What are the adjoint functor pairs corresponding to common monads in Haskell?

Question

In category theory, a monad can be constructed from two adjoint functors. In particular, if C and D are categories and F : C --> D and G : D --> C are adjoint functors, in the sense that there is a bijection

hom(FX,Y) = hom(X,GY)

for each X in C and Y in D then the composition G o F : C --> C is a monad.

---

One such pair of adjoint functors can be given by fixing a type b and taking F and G to be

data F b a = F (a,b)
data G b a = G (b -> a)

instance Functor (F b) where
  fmap f (F (a,b)) = F (f a, b)

instance Functor (G b) where
  fmap f (G g) = G (f . g)

and the bijection between hom-sets is given (modulo constructors) by currying:

iso1 :: (F b a -> c) -> a -> G b c
iso1 f = \a -> G $ \b -> f (F (a,b))

iso2 :: (a -> G b c) -> F b a -> c
iso2 g = \(F (a,b)) -> let (G g') = g a in g' b

in which case the corresponding monad is

data M b a = M { unM :: b -> (a,b) }

instance Monad (M b) where
    return a    = M (\b -> (a,b))
    (M f) >>= g = M (\r -> let (a,r') = f r in unM (g r') a)

I don't know what the name for this monad should be, except that it seems to be something like a reader monad that carries around a piece of over-writeable information (edit: dbaupp points out in the comments that this is the State monad.)

So the State monad can be "decomposed" as the pair of adjoint functors F and G, and we could write

State = G . F

So far, so good.

---

I'm now trying to figure out how to decompose other common monads into pairs of adjoint functors - for example Maybe, [], Reader, Writer, Cont - but I can't figure out what the pairs of adjoint functors that we can "decompose" them into are.

The only simple case seems to be the Identity monad, which can be decomposed into any pair of functors F and G such that F is inverse to G (in particularly, you could just take F = Identity and G = Identity).

Can anyone shed some light?

Answer 1

What you're looking for is Kleisli category.
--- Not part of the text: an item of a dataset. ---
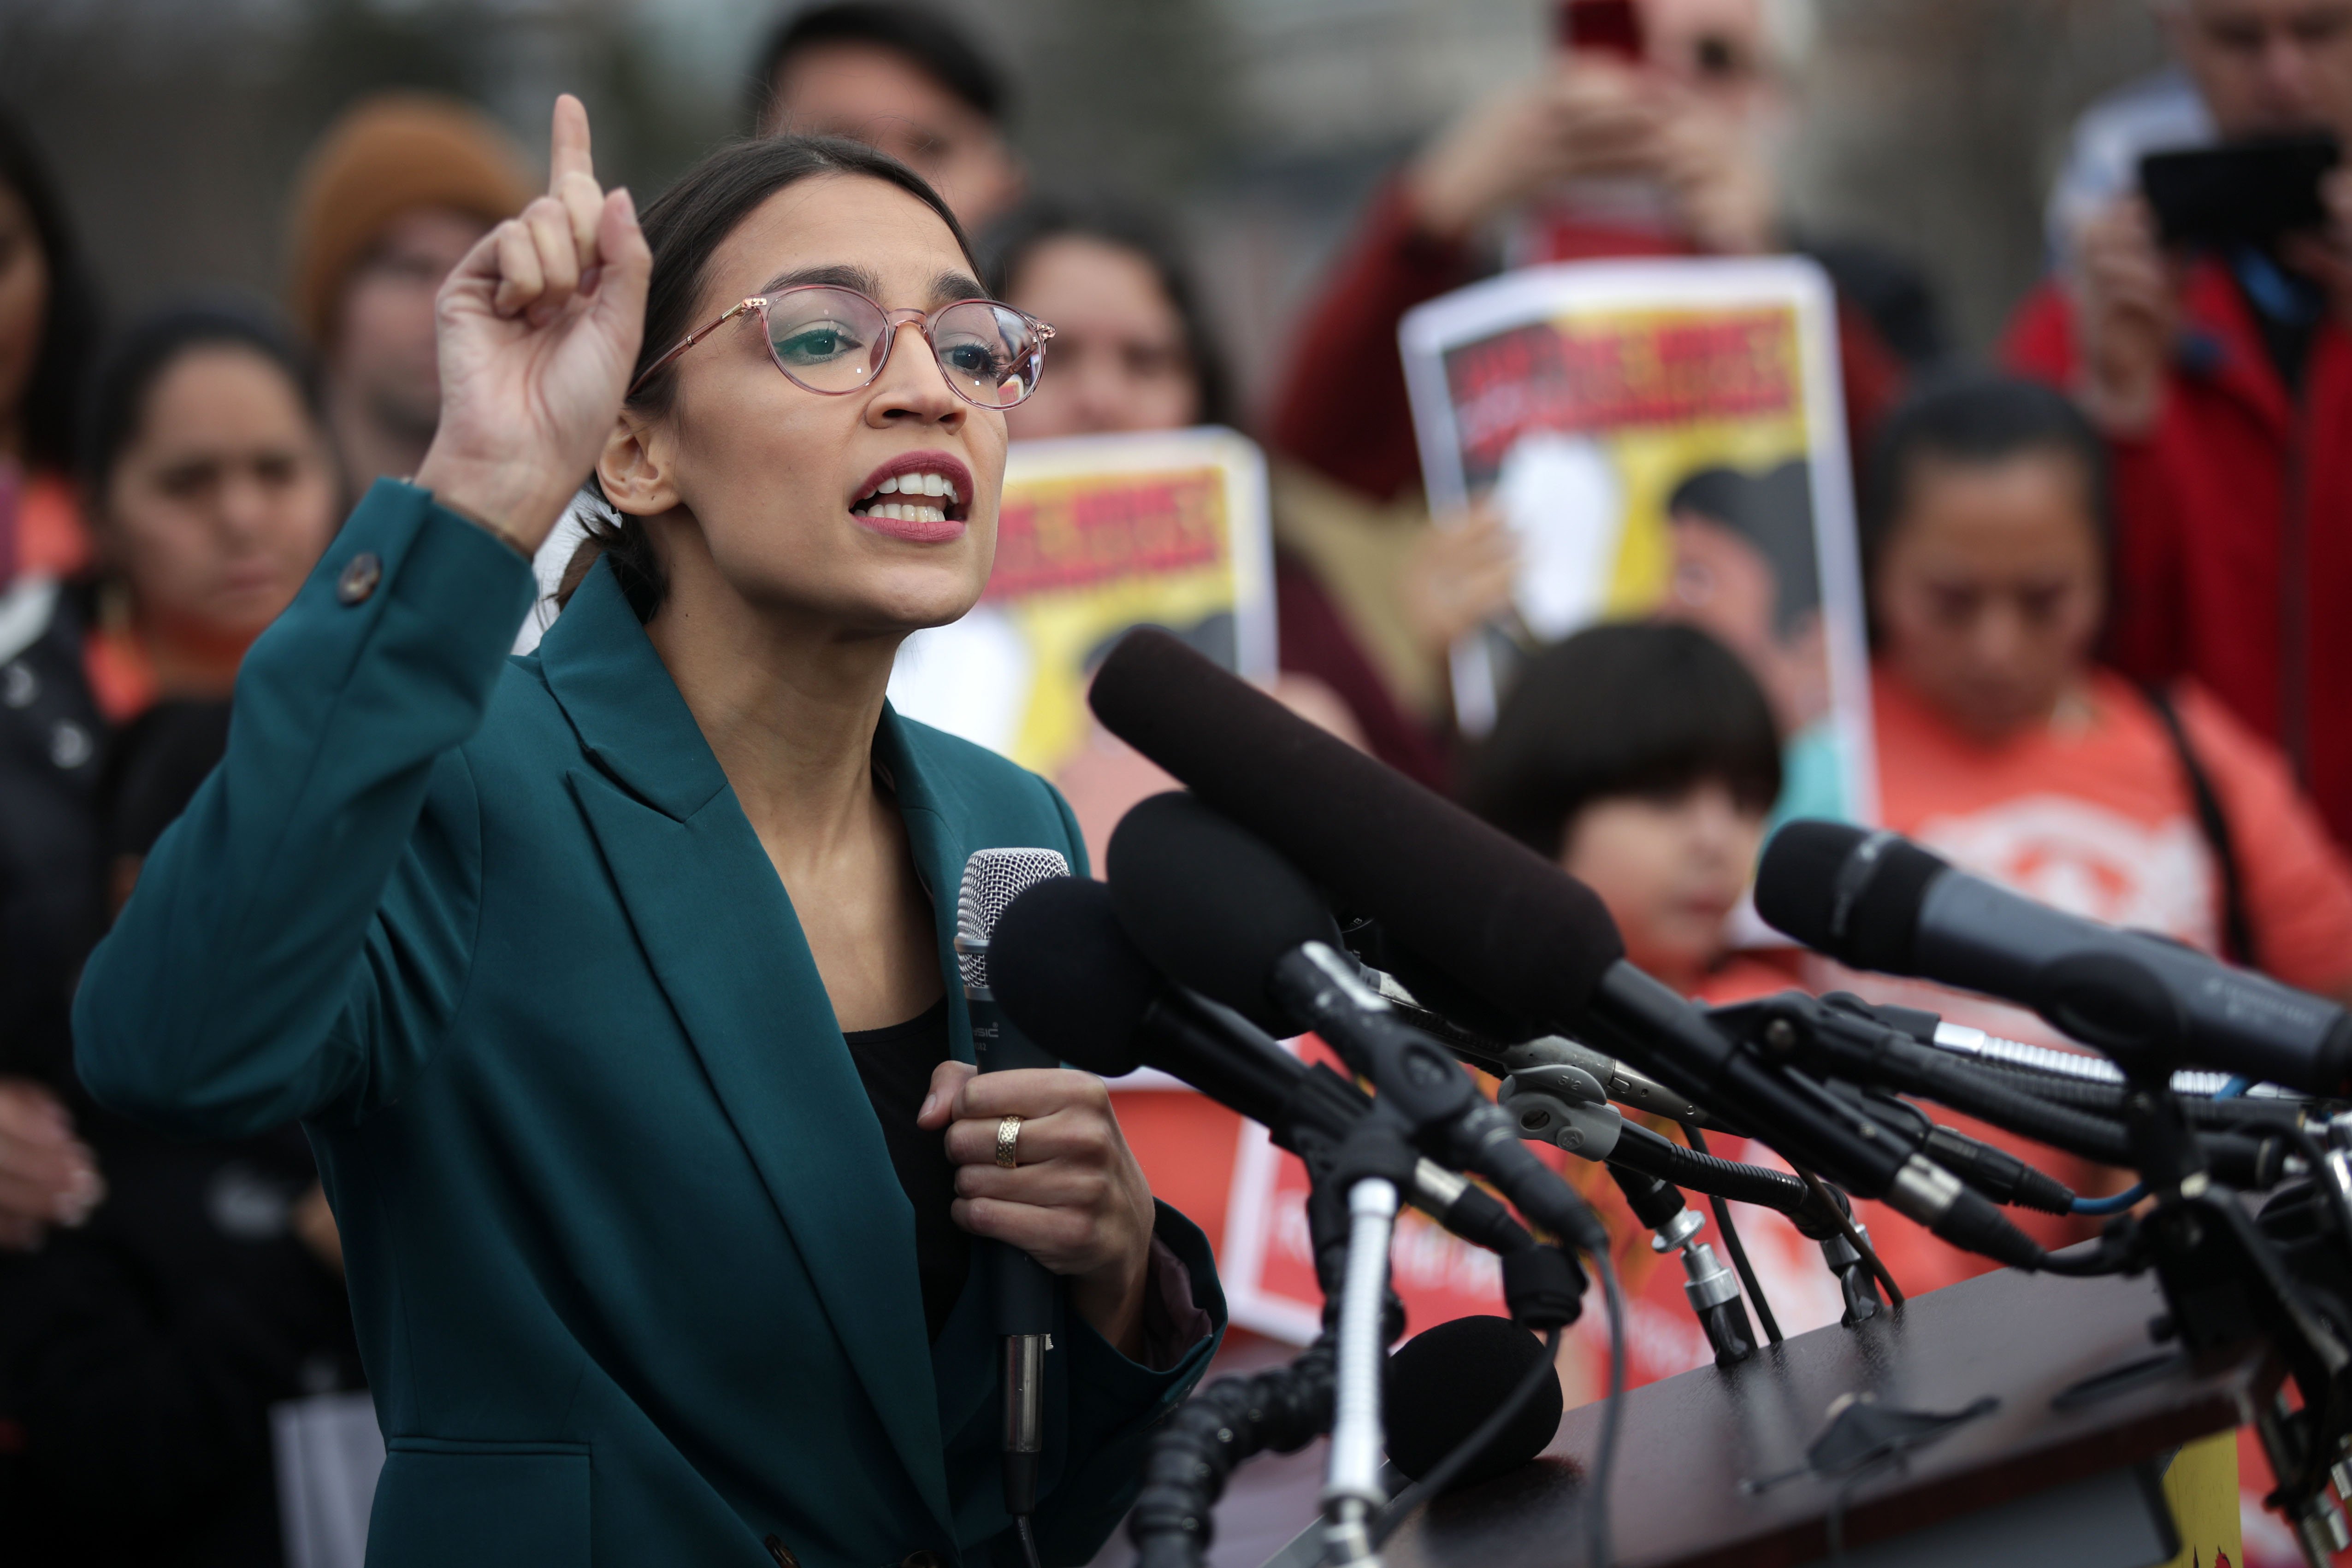 U.S. Rep. Alexandria Ocasio-Cortez speaks during a news conference at the U.S. Capitol | Photo: Getty Images

It was originally developed to show that every monad can be constructed from two adjoint functors.

The problem is that Haskell Functor is not a generic functor, it's an endo-functor in the Haskell category. So we need something different (AFAIK) to represent functors between other categories:

{-# LANGUAGE FunctionalDependencies, KindSignatures #-}
import Control.Arrow
import Control.Category hiding ((.))
import qualified Control.Category as C
import Control.Monad

class (Category c, Category d) => CFunctor f c d | f -> c d where
    cfmap :: c a b -> d (f a) (f b)

Notice that if we take -> for both c and d we get an endo-functor of the Haskell category, which is just the type of fmap:

cfmap :: (a -> b) -> (f a -> f b)

Now we have explicit type class that represents functors between two given categories c and d and we can express the two adjoint functors for a given monad. The left one maps an object a to just a and maps a morphism f to (return .) f:

-- m is phantom, hence the explicit kind is required
newtype LeftAdj (m :: * -> *) a = LeftAdj { unLeftAdj :: a }
instance Monad m => CFunctor (LeftAdj m) (->) (Kleisli m) where
    cfmap f = Kleisli $ liftM LeftAdj . return . f . unLeftAdj
    -- we could also express it as liftM LeftAdj . (return .) f . unLeftAdj

The right one maps an object a to object m a and maps a morphism g to join . liftM g, or equivalently to (=<<) g:

newtype RightAdj m a = RightAdj { unRightAdj :: m a }
instance Monad m => CFunctor (RightAdj m) (Kleisli m) (->) where
    cfmap (Kleisli g) = RightAdj . join . liftM g . unRightAdj
    -- this can be shortened as RightAdj . (=<<) g . unRightAdj

(If anybody know a better way how to express this in Haskell, please let me know.)

Answer 2

• Maybe comes from the free functor into the category of pointed sets and the forgetful functor back
• [] comes from the free functor into the category of monoids and the forgetful functor back

But neither of these categories are subcategories of Hask.